Known as the ‘O-Shot’, an abbreviation of The Orgasm Shot, the injection is a non-surgical treatment which pledges to increase sexual arousal and rejuvenate the vagina.

Developed by Alabama-based plastic surgeon Dr Charles Runels, it works by using platelets containing the patient’s own blood from their arm which is then put in a special centrifuge which produces “high quality” Platelet Rich Plasma (PRP).

This is then injected into specific areas of the vagina to improve sensitivity, tightness and the intensity of orgasms.

However, one Canadian-based gynaecologist, Dr Jen Gunter, is now warning that there is no science behind the injection and that it has potential to spread dangerous infections.

“There are no studies at all suggesting the 'O-Shot' improves orgasm or sexual function,” Gunter writes on her blog.

“There is no animal or human data suggesting it is safe to inject in the vaginal epithelium or into the clitoris.

”Who knows if this could spread the human papillomavirus or herpes to other areas of the lower genital tract?

“I can think of a thousand ways this could harm women.”

Concerned by the lack of studies on humans and even animals regarding the effect of PRP on vaginal tissue, Gunter says that while it is “biologically plausible” that such a therapy could improve sexual function she would by no means endorse it.

“If a doctor recommended the “O-Shot” to anyone I know my advice would be to get up and walk out the door.”

And, she’s not the only one advising against the controversial treatment.
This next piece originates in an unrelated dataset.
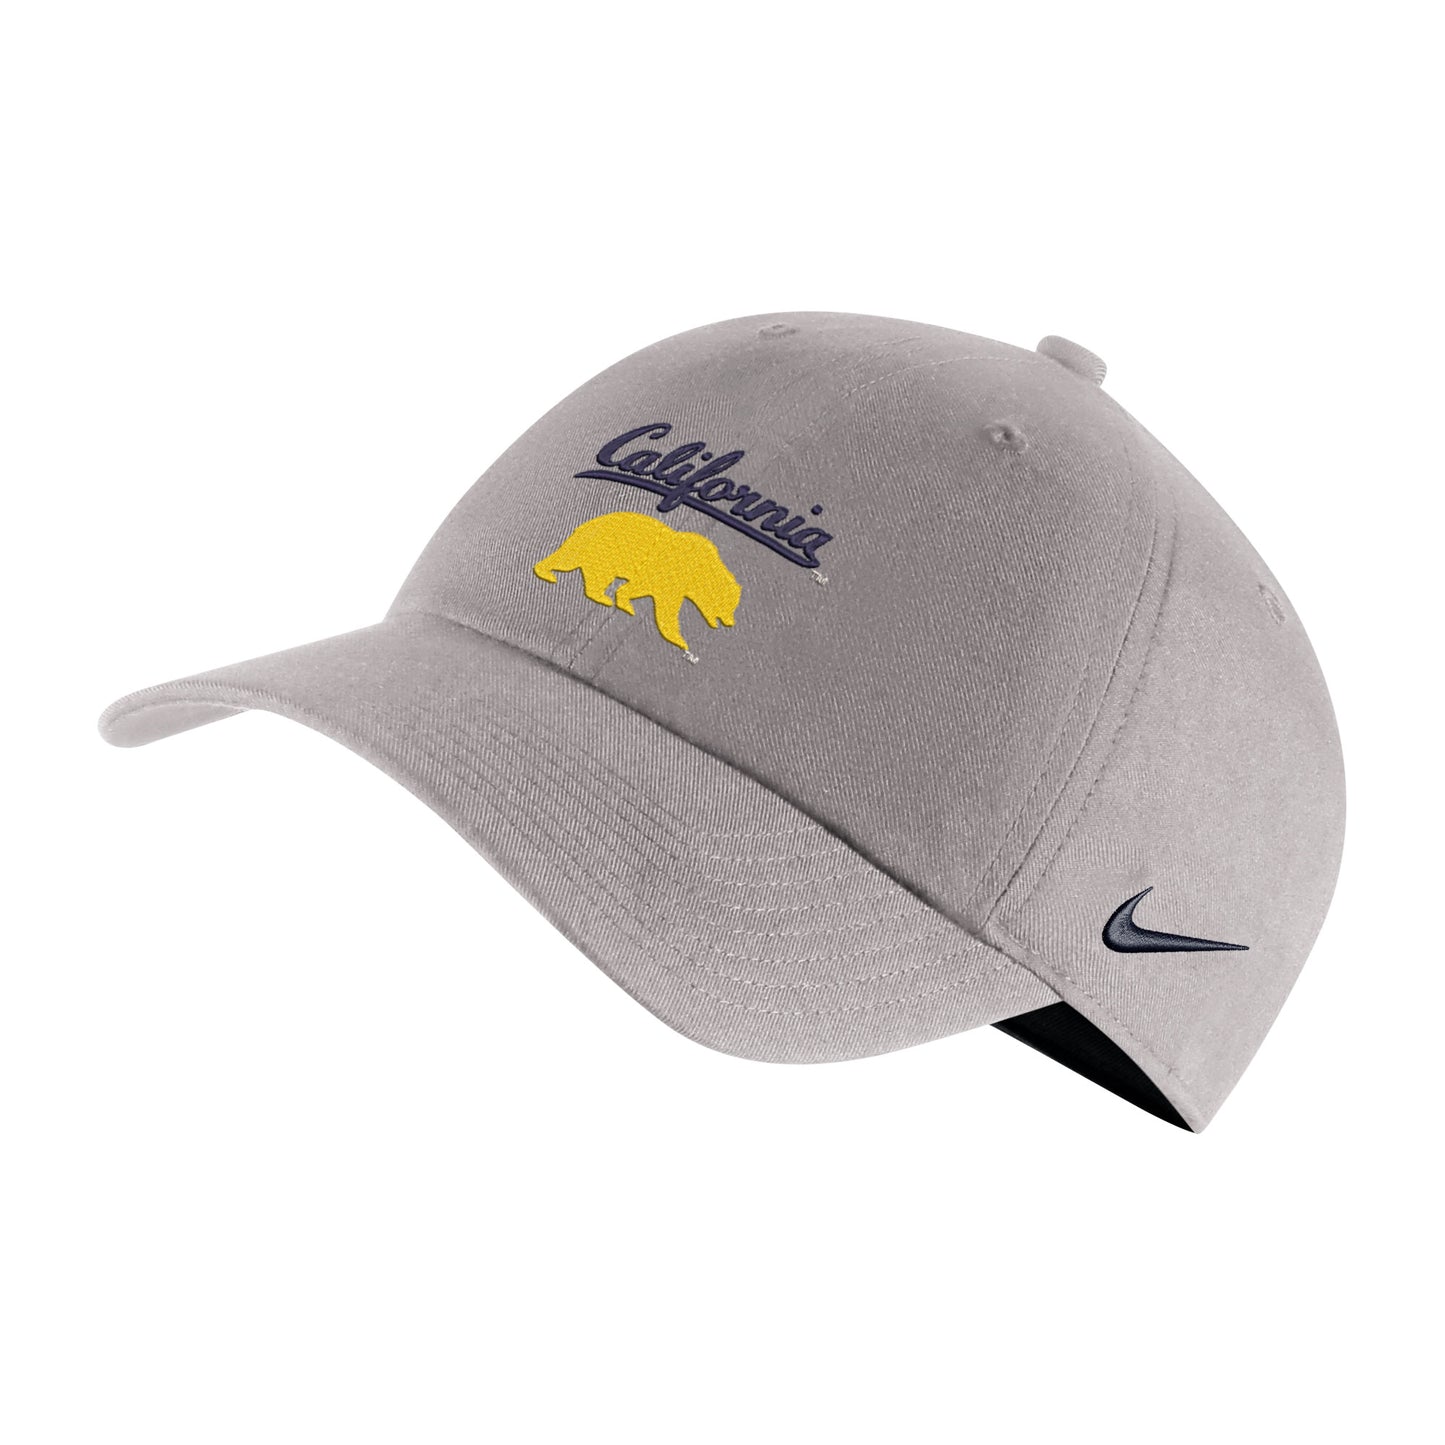 U.C. Berkeley Cal embroidered & Swoosh campus hat-Pewter-Shop College Wear

Recently, The American Congress of Obstetricians and Gynaecologists noted in its review on vaginal rejuvenation and cosmetic vaginal procedures that such therapies are not “accepted as routine surgical practices”.

“Clinicians who receive requests from patients for such procedures should discuss with the patient the reason for her request and perform an evaluation for any physical signs or symptoms that may indicate the need for surgical intervention,” the review states.